- Aim of the exercise:
Please give back the listing exactly, without any of its pictures.

- Source material:
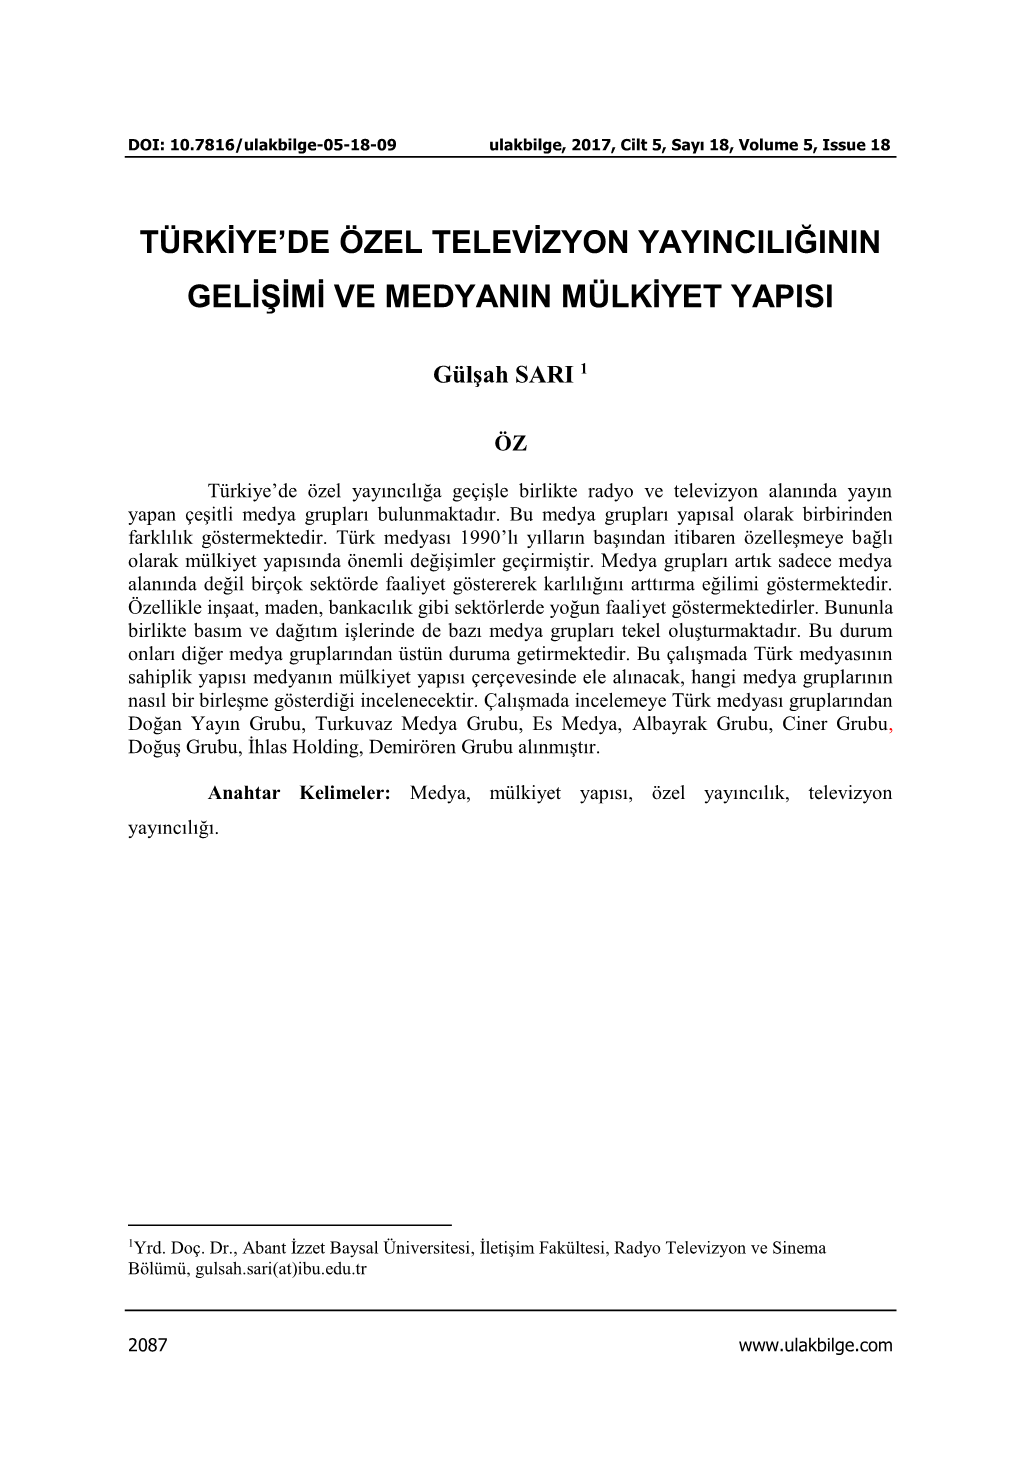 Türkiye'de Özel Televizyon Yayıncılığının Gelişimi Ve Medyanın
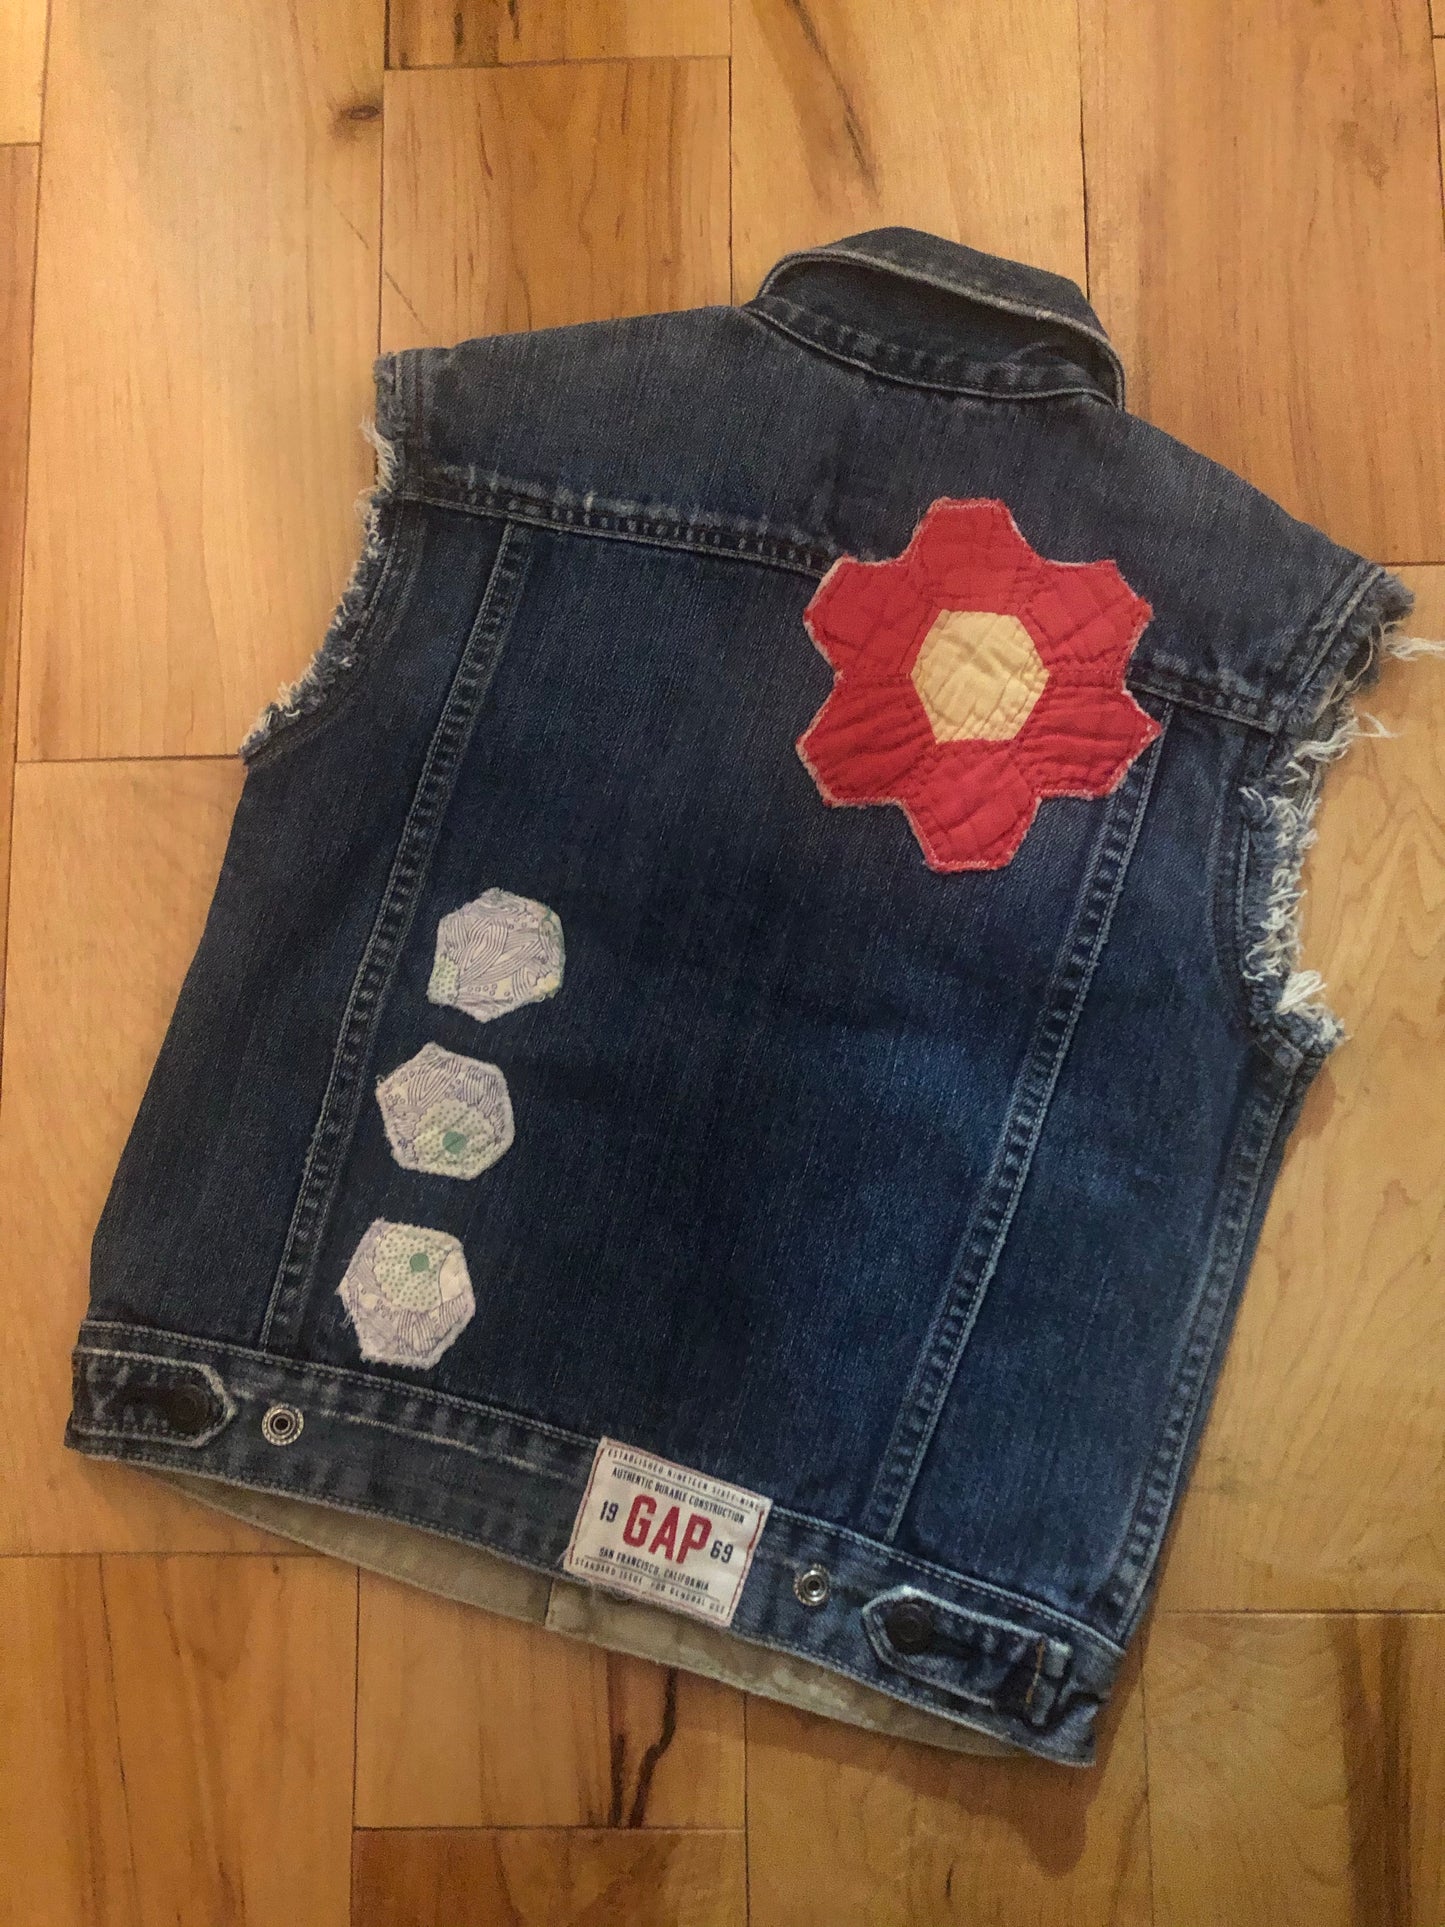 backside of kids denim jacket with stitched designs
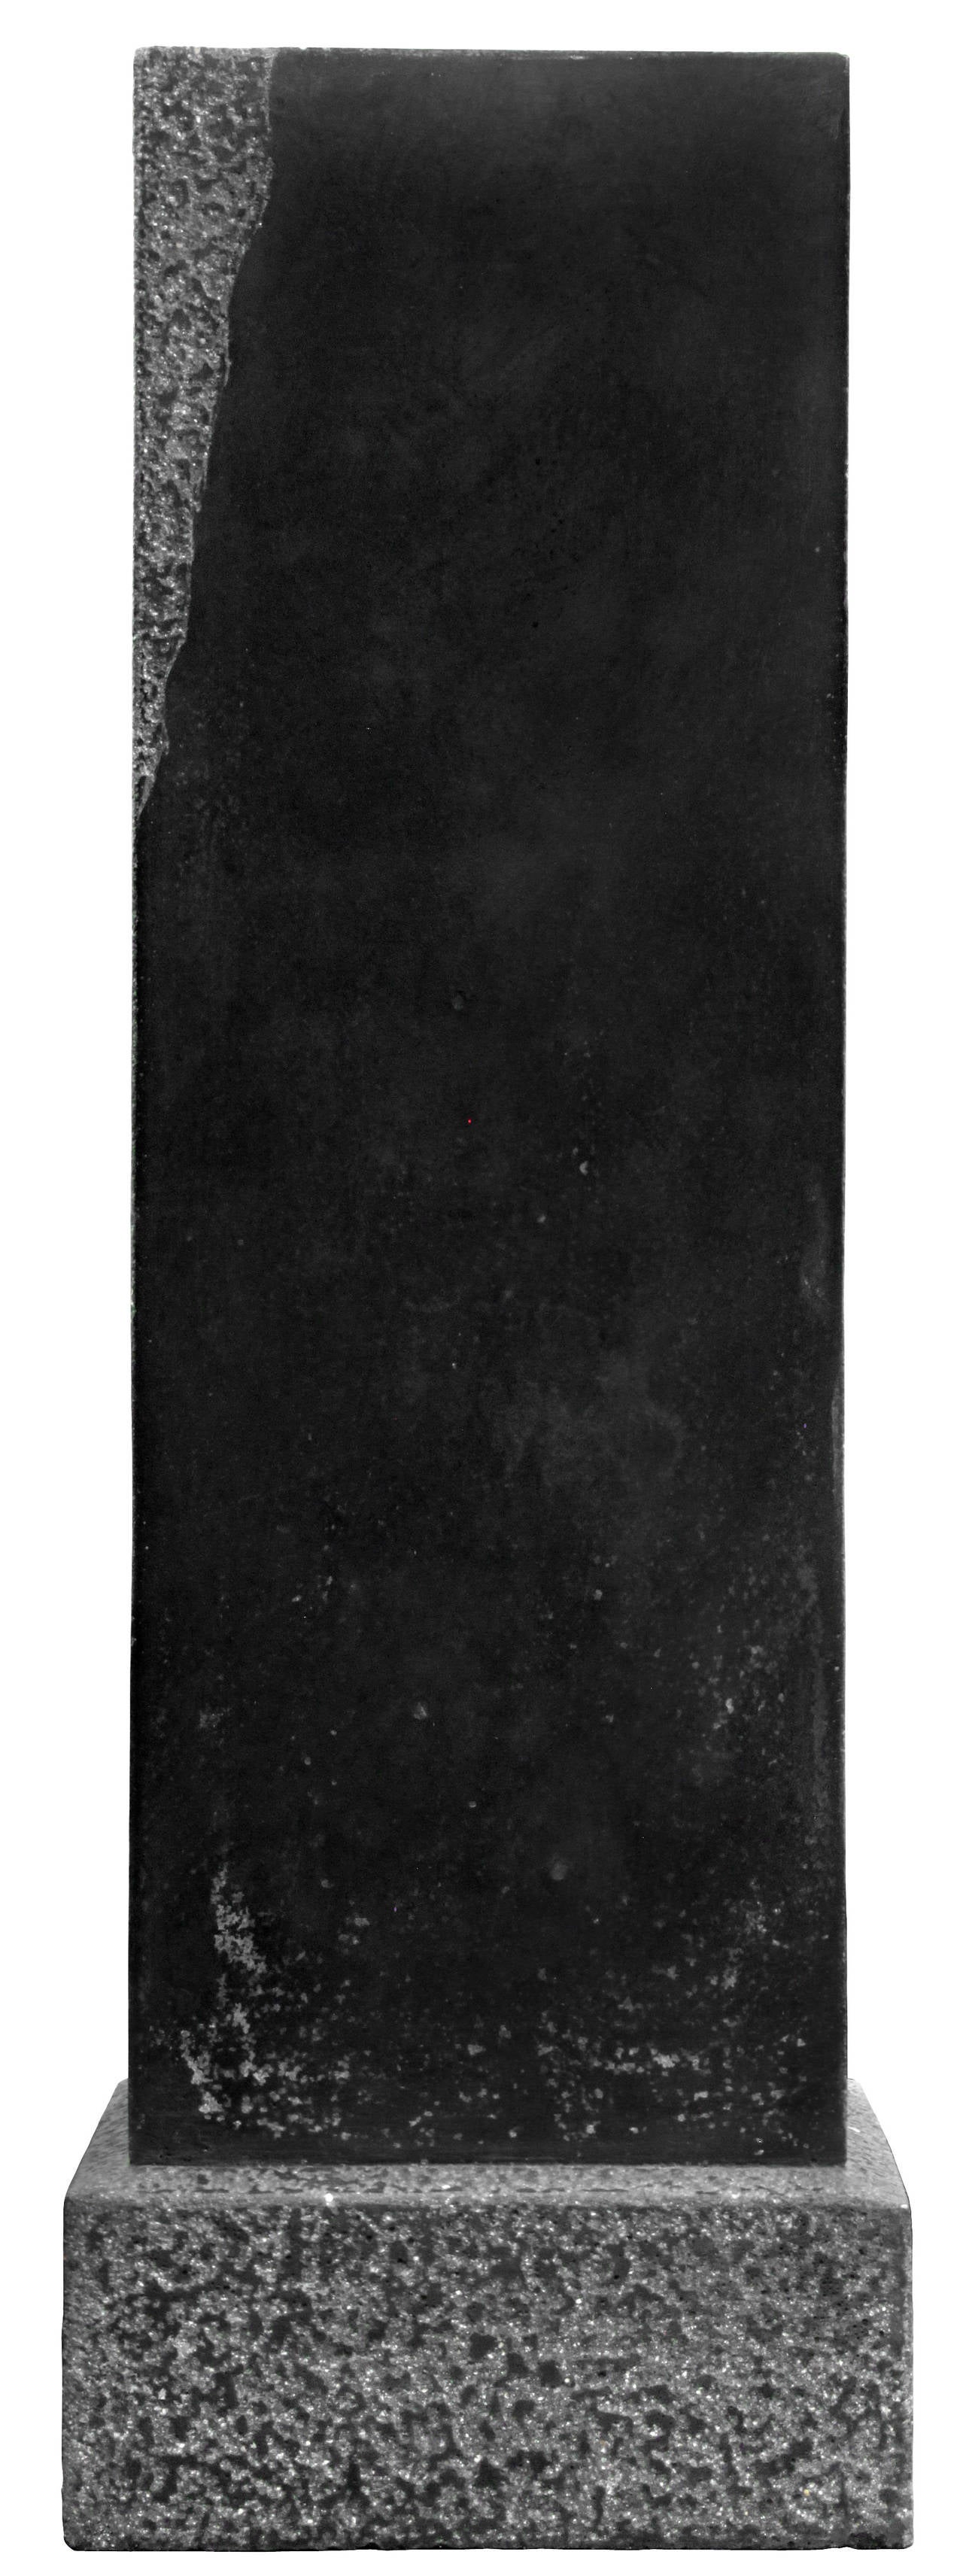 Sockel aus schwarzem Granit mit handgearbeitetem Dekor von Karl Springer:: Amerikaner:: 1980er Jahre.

- Response area:
 Türkiye'de Özel Televizyon Yayıncılığının Gelişimi Ve Medyanın
 backside of kids denim jacket with stitched designs
 Sockel aus schwarzem Granit mit handgearbeitetem Dekor von Karl Springer:: Amerikaner:: 1980er Jahre.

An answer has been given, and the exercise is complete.